The idea of a $15 minimum wage, which already has been approved in San Francisco, Seattle and Los Angeles, may sound great, but the impact likely won't be so hot, says Washington Post columnist Robert Samuelson.
To be sure, "some increase in the federal minimum is justified," he writes.
"It’s been at $7.25 since 2009. Inflation has eroded its value 10 percent since then."
So what's the problem with a hefty increase? "Raising it to $15 or even $12 would be a radical act that front-loads the benefits and back-loads the costs," Samuelson says.
Job losses would mushroom, he argues. "Some companies would become unprofitable and shrink or close. Others would automate. Some start-ups would be scrapped."
As for how many jobs would be lost, the American Action Forum, a right-leaning think tank, estimates it would be 1.3 million for a $12 minimum and 3.3 million for a $15 minimum.
And unfortunately, "the least-skilled workers might suffer the largest losses, especially if higher wages draw experienced people back into the labor market," Samuelson says.
The economy added 223,000 jobs in June, but the labor participation rate dropped to a 37-year low of 62.6 percent.
Meanwhile, boosting the middle class currently occupies much of the attention of U.S. politicians and economic policymakers. But some of that focus is misplaced, says Harvard economist Martin Feldstein.
"The middle class has been doing much better than the statistical pessimists assert," he writes on Project Syndicate. "And with better policies, these households can do even better in the future."
Take average household income figures. Some Census Department data back up the idea that income has barely risen, if at all, in recent decades, says Feldstein, who chaired the Council of Economic Advisers under President Reagan.

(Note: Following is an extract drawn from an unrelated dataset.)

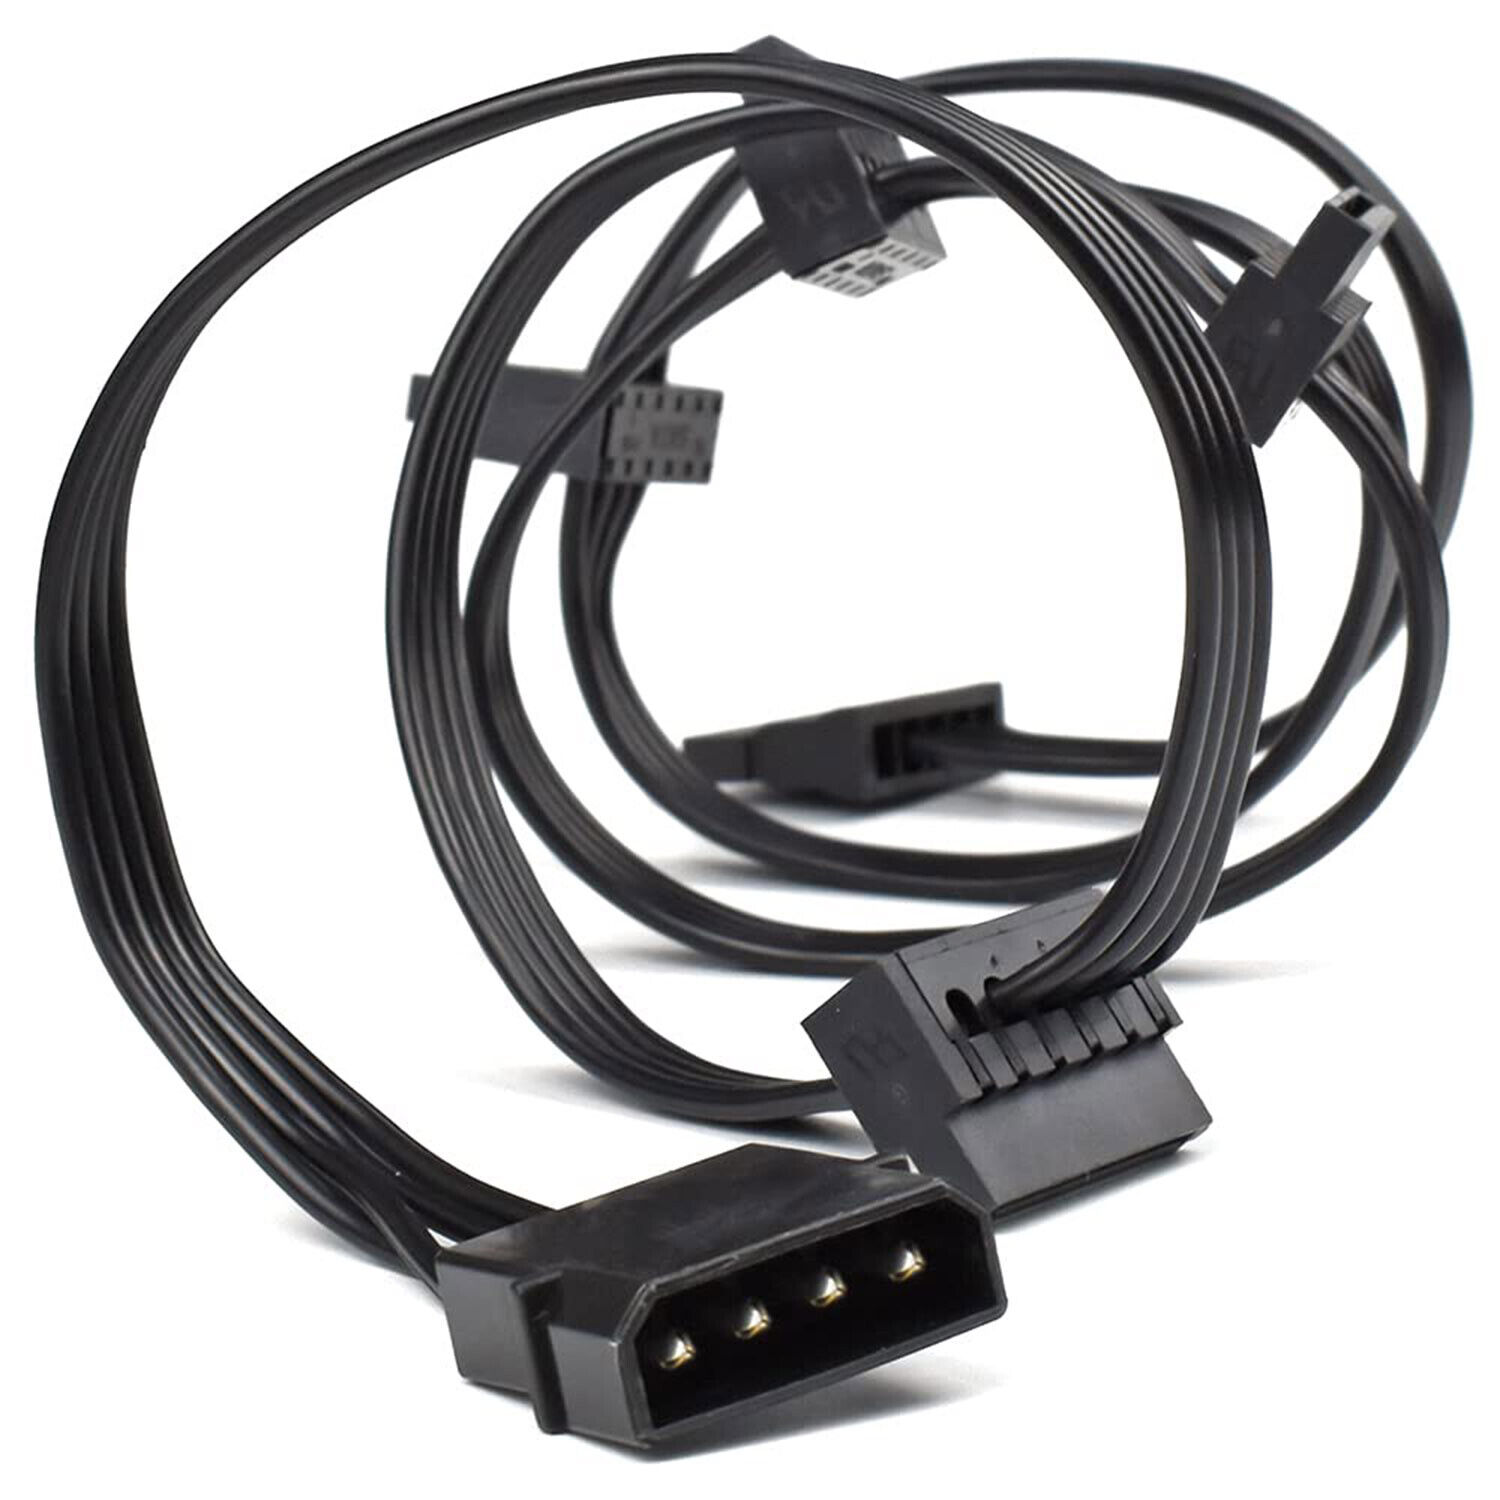 2x 4-Pin IDE Molex Male to 5 SATA 15-Pin Serial ATA Power Splitter Adapter Cable

"But more accurate government statistics imply that the real incomes of those at the middle of the income distribution have increased about 50 percent since 1980," he says. "And a more appropriate adjustment for changes in the cost of living implies a substantially greater gain."
That would put the increase of household income at almost 2.5 percent annually over the last 30 years.
Improving existing government programs can lead to even more progress for the middle class, Feldstein says. That includes expanding market-relevant training and tax reform to boost productivity and wages.